Vice-Governor of Shanxi
- In office January 2013 – June 2014
- Governor: Li Xiaopeng

Secretary General of Shanxi Provincial Committee of the Chinese Communist Party
- In office January 2012 – January 2013
- Preceded by: Li Zhengwen
- Succeeded by: Nie Chunyu

Communist Party Secretary of Lüliang
- In office January 2011 – January 2012
- Preceded by: Nie Chunyu
- Succeeded by: Gao Weidong

Communist Party Secretary of Changzhi
- In office February 2008 – January 2011
- Preceded by: Zhang Bingsheng
- Succeeded by: Tian Xirong

Mayor of Changzhi
- In office March 2003 – February 2008
- Preceded by: Zhang Bingsheng
- Succeeded by: Zhang Bao

Personal details
- Born: February 1956 (age 70) Lingyi County, Shanxi, China
- Party: Chinese Communist Party (1975-2015, expelled)
- Spouse: Hao Suzhen
- Alma mater: Shanxi University Shanxi University of Finance and Economics

Chinese name
- Traditional Chinese: 杜善學
- Simplified Chinese: 杜善学

Standard Mandarin
- Hanyu Pinyin: Dù Shànxué

= Du Shanxue =

Chinese politician

Du Shanxue (杜善学; born February 1956) is a former Chinese politician from Shanxi province. He successively served as the mayor and Chinese Communist Party Secretary of Changzhi, Party Secretary of Lüliang, and Secretary General of the Shanxi Provincial Party Committee, and the province's Vice-Governor.

Du was removed from office and investigated for corruption in June 2014 along with several of his colleagues, in a precursor to what amounted to a collapse of the political establishment in Shanxi in the face of the party's anti-corruption campaign under Xi Jinping.

==Life==
Du was born and raised in Lingyi County, Shanxi, where he graduated from Shanxi University of Finance and Economics in 1982, after the resumption of university entrance examination, and received his master of philosophy degree from Shanxi University in 2000. After graduation, he worked at the Shanxi Provincial Government.

Du became involved in politics in June 1976 and joined the Chinese Communist Party (CCP) in March 1975.

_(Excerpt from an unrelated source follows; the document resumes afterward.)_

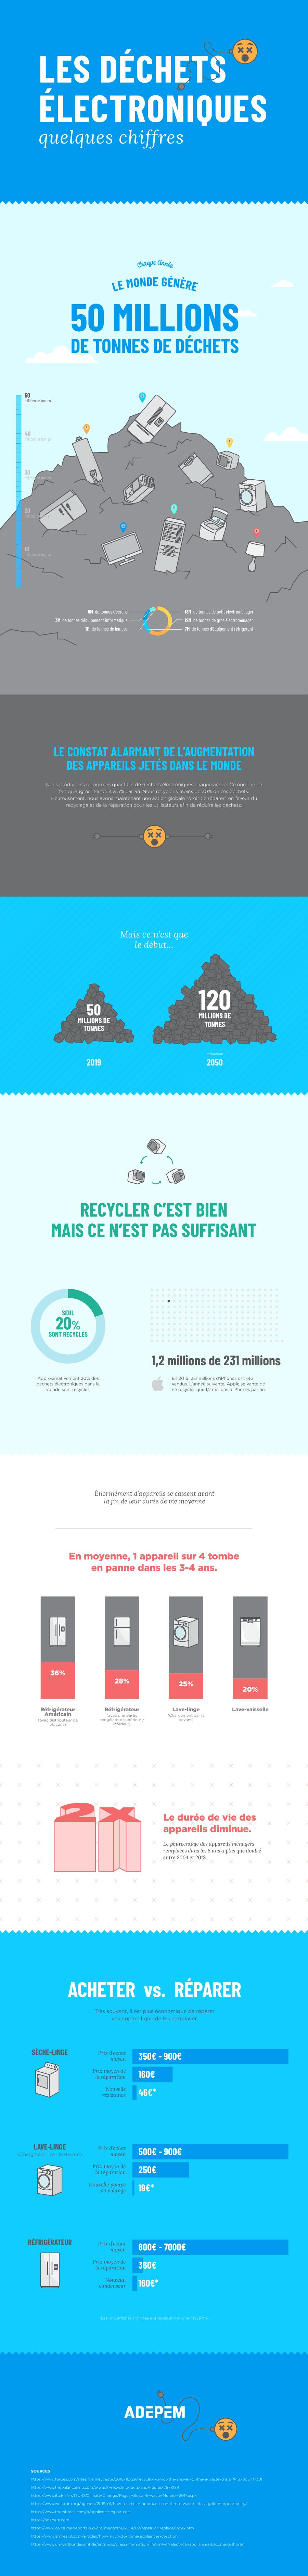 Quelques chiffres sur les déchets électroniques

In February 2003, he was appointed the CCP Party Vice-Chief of Changzhi, a month later, he also served as the mayor of Changzhi, he was promoted to become the CCP Party Chief in February 2008, a position he held until January 2011. Then he was transferred to Lüliang as the CCP Party Chief.

In January 2012, Du was promoted to become the Secretary General of Shanxi Provincial Party Committee. One year later, he was elected by the 12th Shanxi People's Congress as the Vice-Governor of Shanxi.

==Downfall==
On June 19, 2014, Du was being investigated by the Central Commission for Discipline Inspection for "serious violations of laws and regulations".

On February 13, 2015, Du was expelled from the CCP. His alleged crimes have also been transferred to prosecutors for further review.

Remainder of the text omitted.